Hi Make!
The short answer is that doing so has been found empirically to be useful (admittedly,
not a very satisfying answer).
With the disclaimer that intuition – even that of experts – about why various neural-network
techniques work is notoriously unreliable, let me give you my thoughts:
Let’s consider a series of 3x3 convolutions (with padding, so that the spatial size of the
image doesn’t change). Let’s start with a three-channel ((RBG) input, and imagine that
the number of channels is increased to, say, 8 and then 16 and then 32 and so on.
Consider a specific pixel location, more or less in the middle of the image. After the first
convolution, the pixel at that location depends on the 3x3 square of pixels from the
original image that surrounds that specific location. (All 8 channel values for that pixel
after the first convolution depend on all 3 channel values for all 9 of the surrounding
pixels in the original image.) After the second convolution, that pixel depends on the
5x5 square of surrounding pixels (again, with all channels depending on all channels).

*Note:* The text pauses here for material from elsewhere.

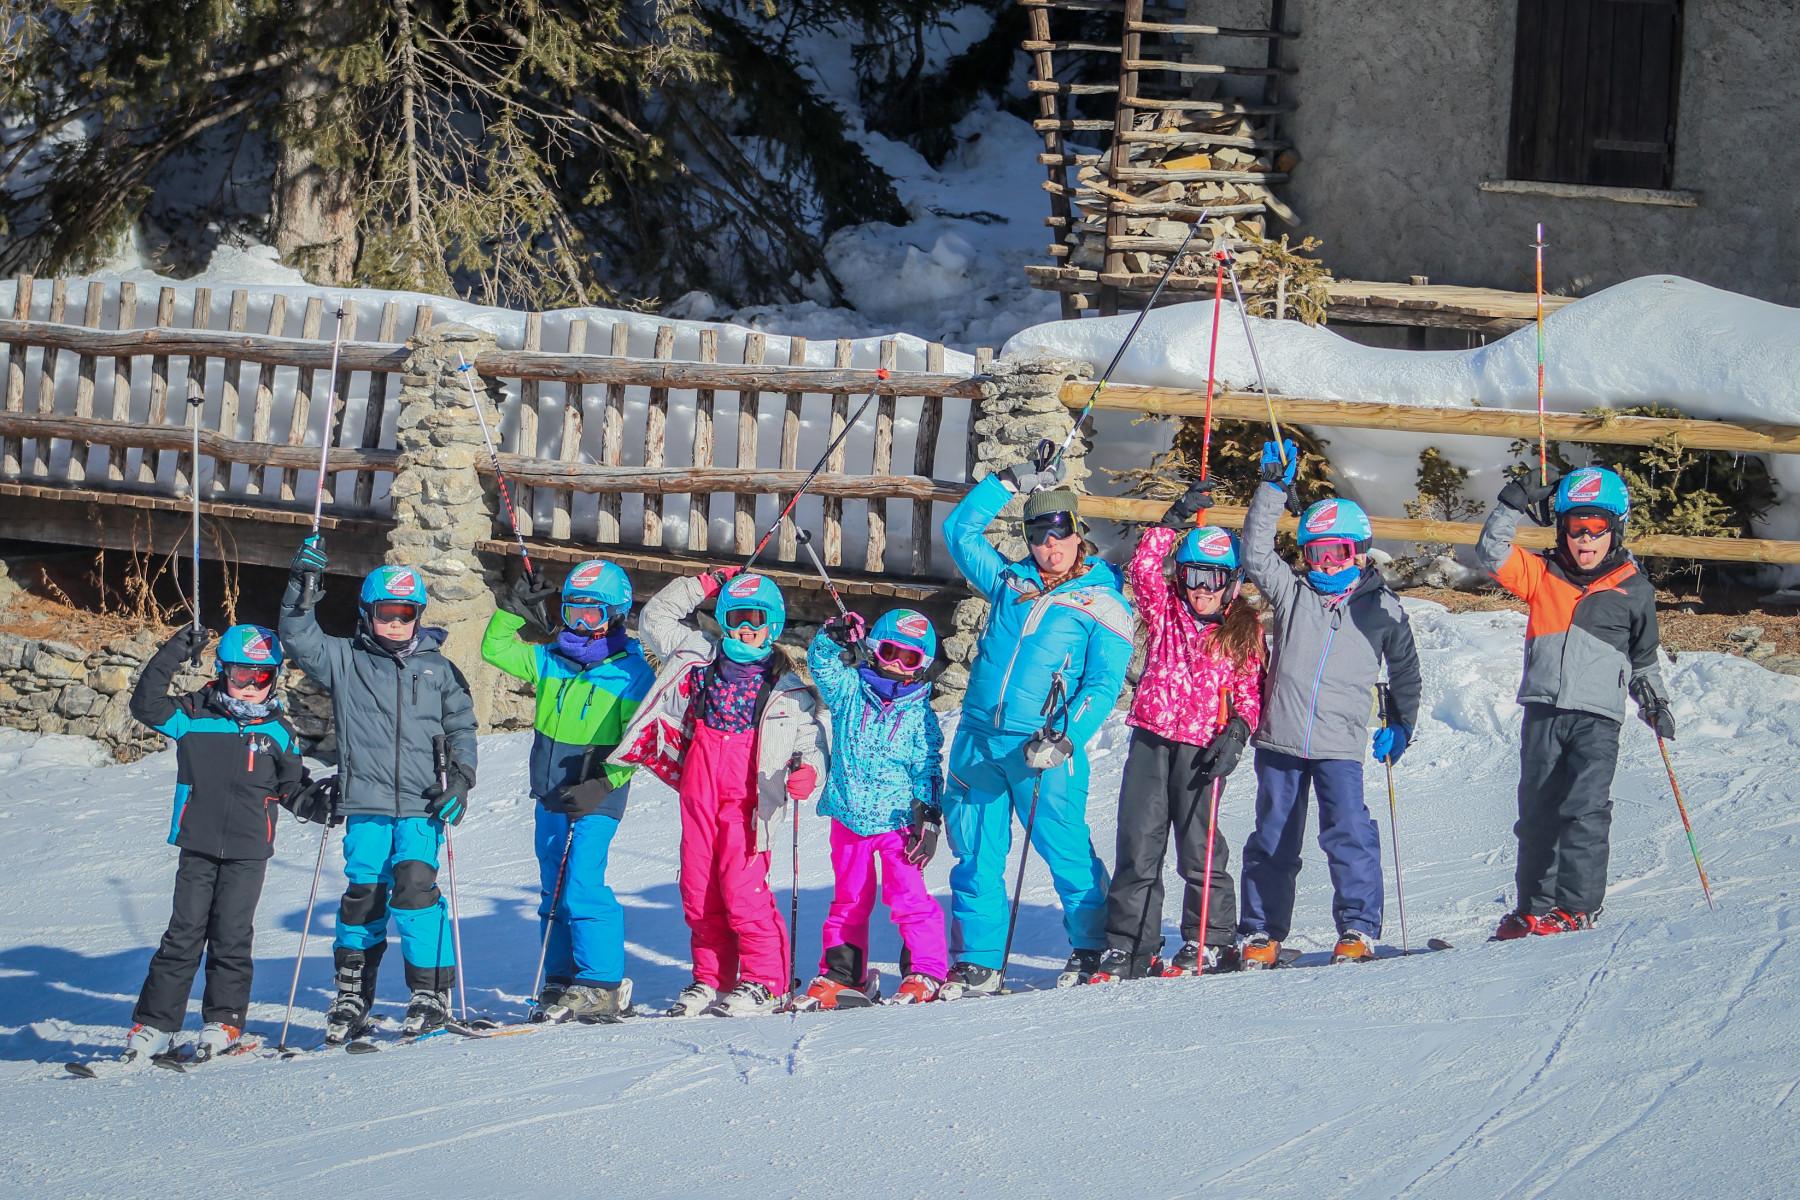 Corso collettivo di sci per bambini a Sauze d'Oulx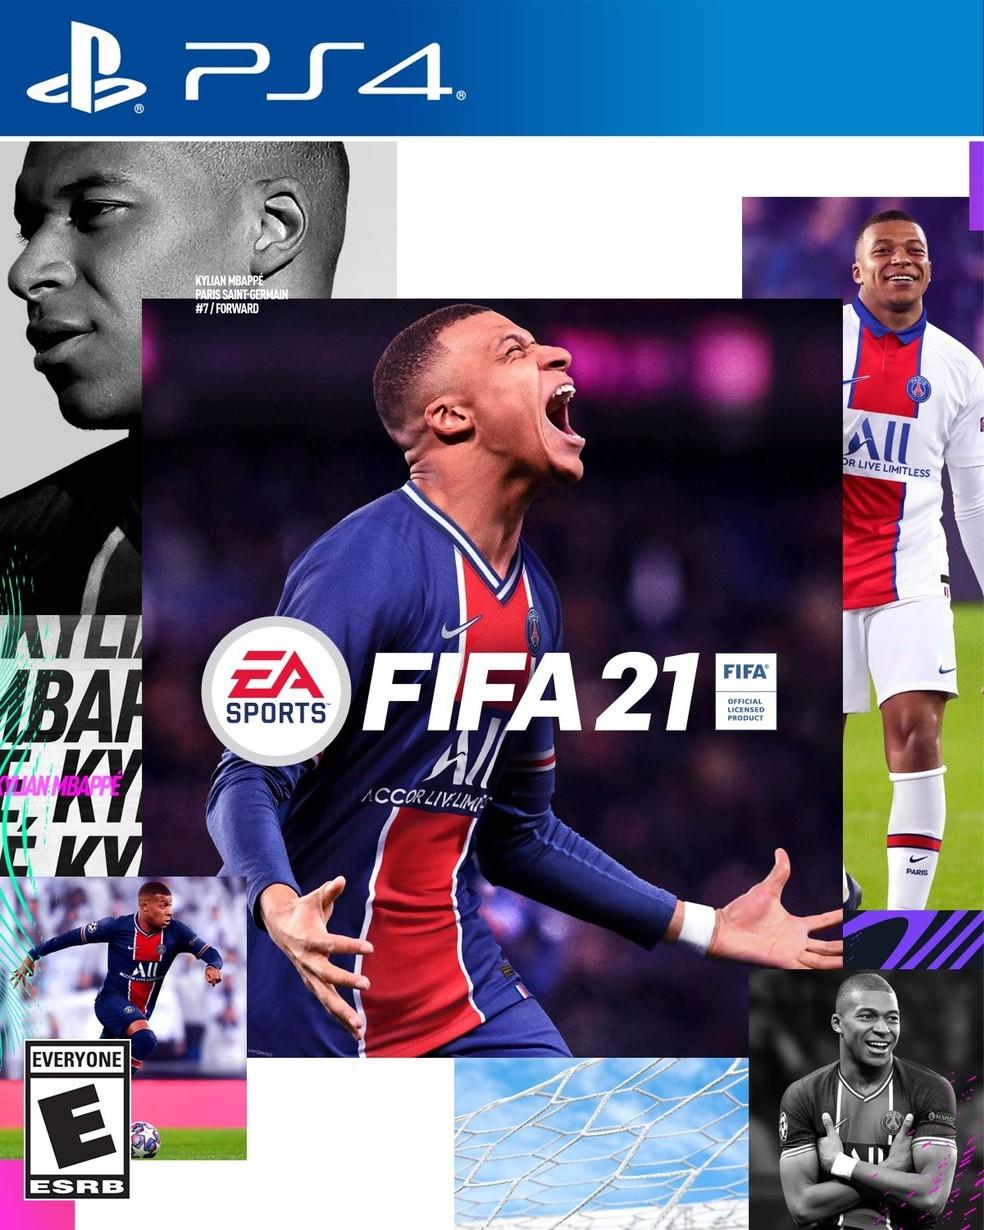 'FIFA 21' anuncia Mbappé na capa e jogador comemora: 'Não vejo a hora de jogar isso'

Think of the channels as being “features” rather than colors. Those features may or
may not encode color information (depending on how the network is trained). Speaking
figuratively, if the original pixel in question is blue and one of the immediately adjacent
pixels is, say, green, one of the channels after the first convolution might “detect” this
as a “blue-green-edge” feature, and after another couple of convolutions, this may
lead to an “iris” feature that then leads to an “eye” feature.
So the series of convolutions with increasing numbers of out_channels
is converting
spatial information (for which color – encoded in the three original color channels – may
be important) into features (for which color may or may not still be important).
That is, we are increasing the number of channels so that the network can process spatial
information into feature information.
Now consider a commonplace architecture where convolutions are followed by
downsampling, say a series of 3x3 convolutions interleaved with 2x2 max-pools. The
network is now dumping the spatial information into features attached to a shrinking
number of pixels, leading, potentially, to an output image that consists of a single
pixel – that is, no spatial information – with all of the features encoded in the channels
dimension being derived from the entire image.
In such a situation, one could well imagine that none of those features directly contain
any color information. (Of course, if you trained a network to distinguish red-tinged
images from blue-tinged images, you would likely have a red-vs-blue feature encoded
somewhere in the channels dimension.)
Best.
K. Frank